El segundo acto puede ser
resumido así: Benefrida sentada en el sitio exacto entre la batea de los
chanchos y la planta de pomelo. Benefrida mirando las gallinas cuando comen,
las gallinas cuando cacarean, cuando ponen huevos, cuando cuidan a sus pollitos
que dicen pío pío, cuando pelean por una lombriz. Benefrida controlando
minuciosamente el rectángulo de sol sobre el horcón del gallinero. Benefrida
viendo llegar la noche presa de feroces ataques y desvarío.
El doctor dijo al instante
que era epilepsia, la abuela calculó que se trataba de calentura natural, el
pa'i dijo que era pecado. Ningún medicamento, ningún rosario, pudo evitar ni
uno solo de los ataques: llegaban puntales apenas las gallinas subían a la
planta de pomelo. De eso hace cuarenta años, y todavía hoy Benefrida sigue
mirando el gallinero, done ya no hay gallinas sino sólo la pobre planta de
pomelo vieja y carcomida por los horribles gusanos que se trajo una vez el
viento del norte y que terminaron comiéndole el caracú hace cinco años.
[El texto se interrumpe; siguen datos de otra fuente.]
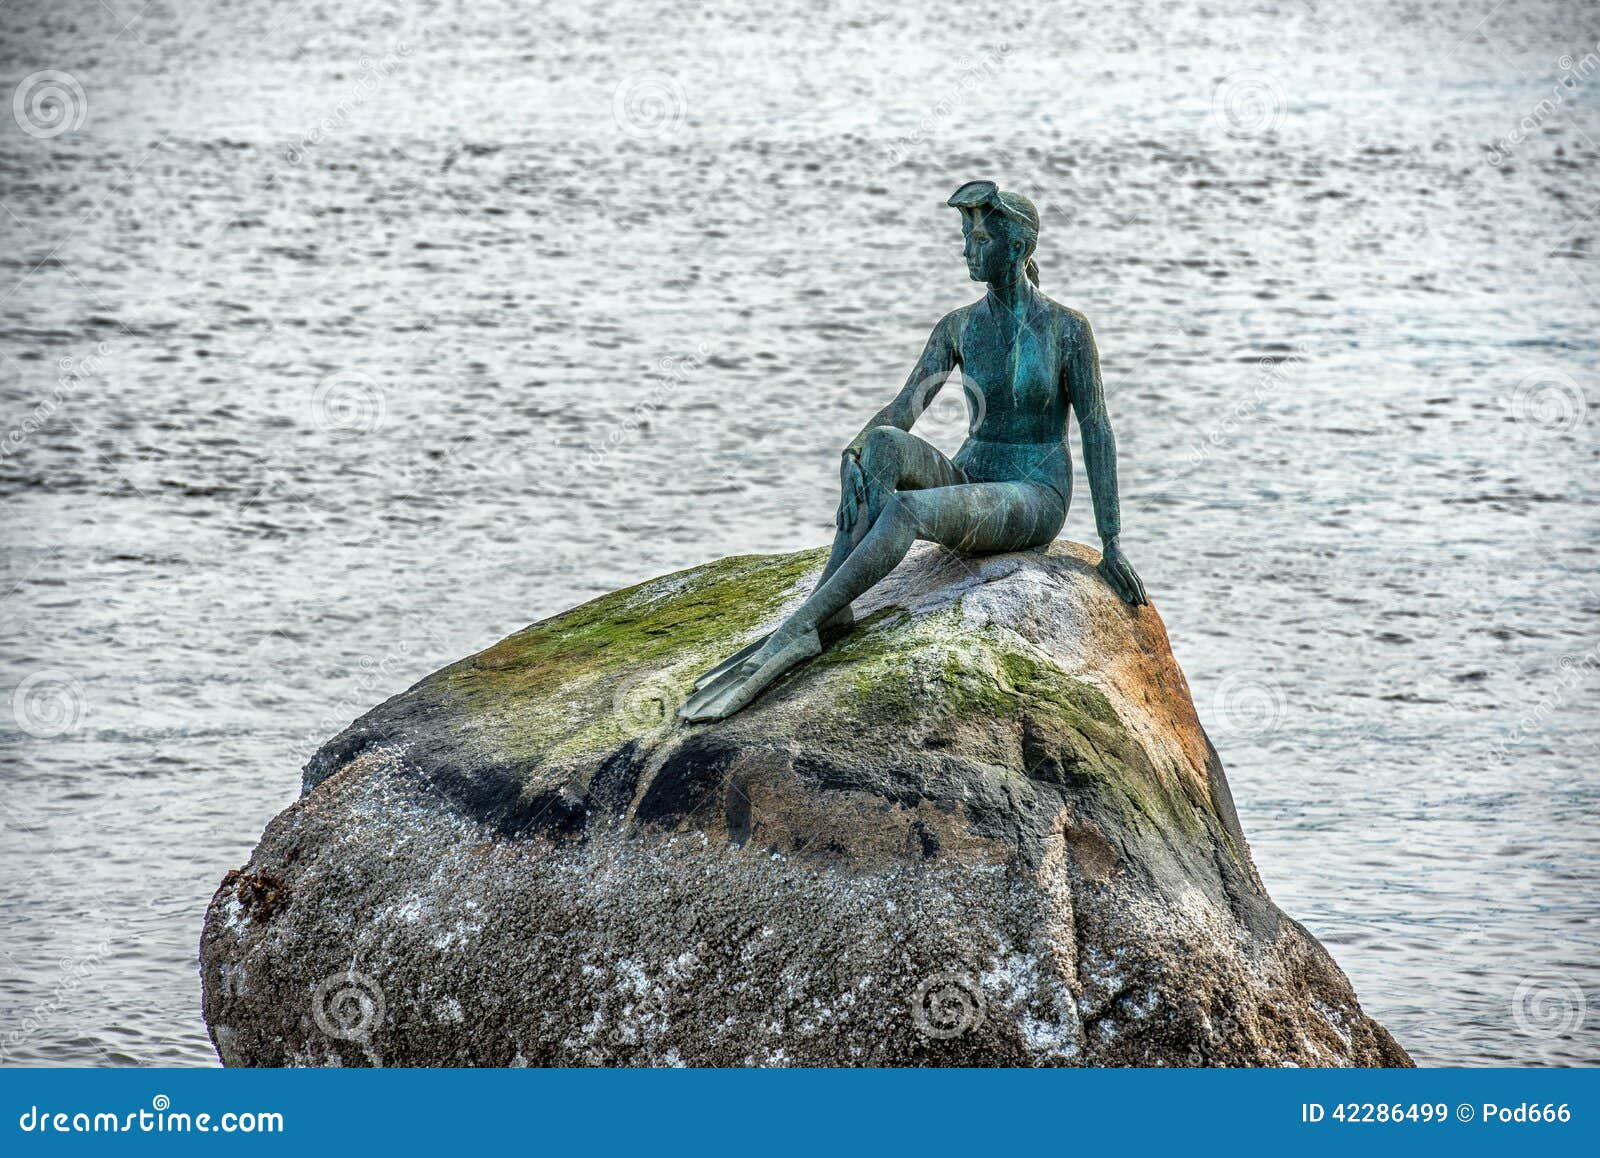 statue of the diver stanley park vancouver canada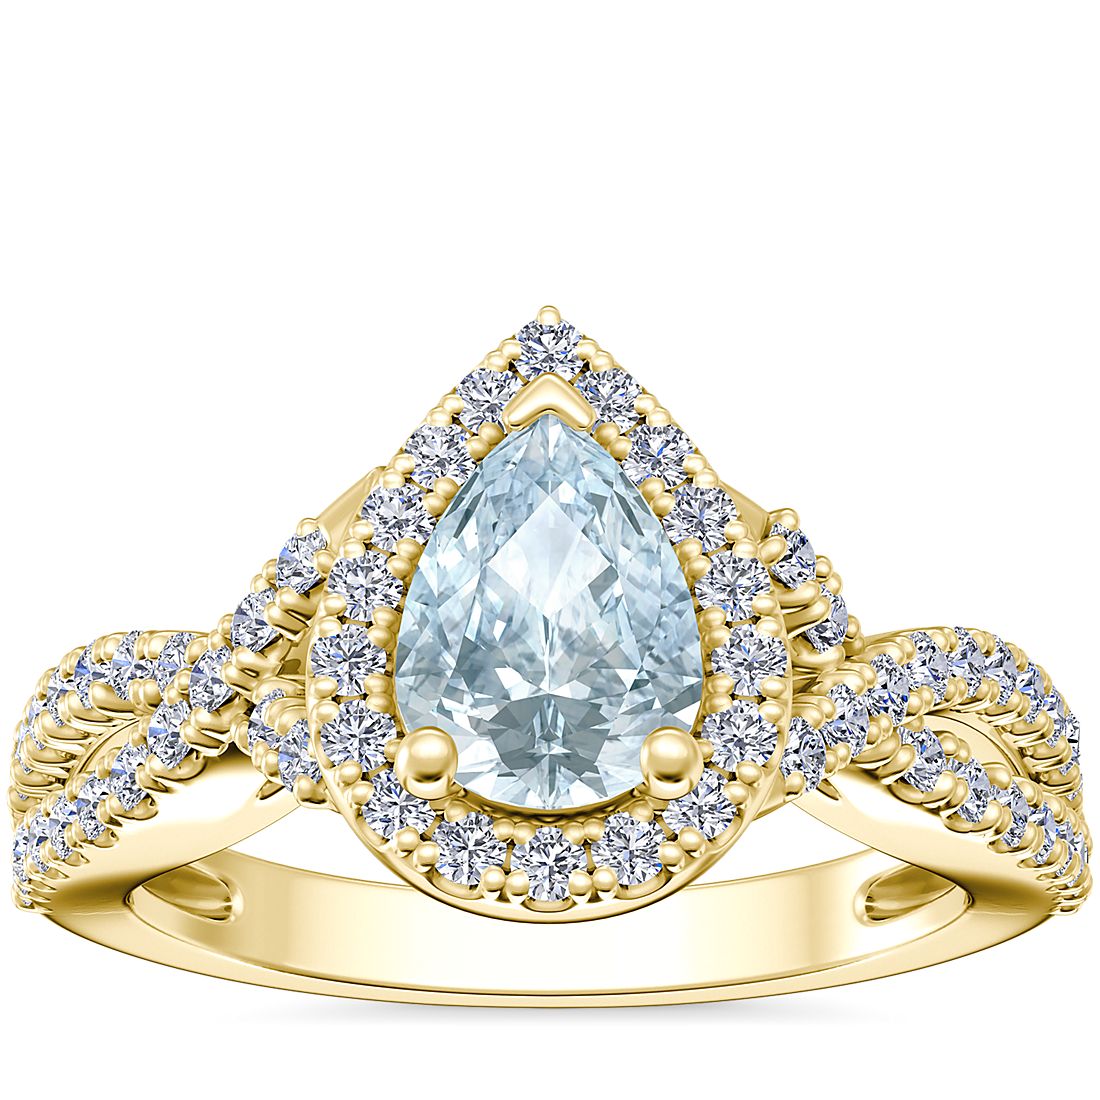 Twist Halo Diamond Engagement Ring with Pear-Shaped Aquamarine in 14k Yellow Gold (7x5mm)

Pero en la casa, donde nadie
tiene tiempo para quebrantarse y tampoco está para aguantar los golpes de la
vida además de las enfermedades propias de la vejez, sólo cuentan de vez en
cuando -si se les pregunta- que es demasiado trabajo puchar por la vida, y
encima tener que estar sacándole a la tilinga las dos o tres plumitas que le
salen en la espalda, fenómeno que se le repite cada vez que alguien, por
compasión, asco o descuido, procura moverla de su sitio.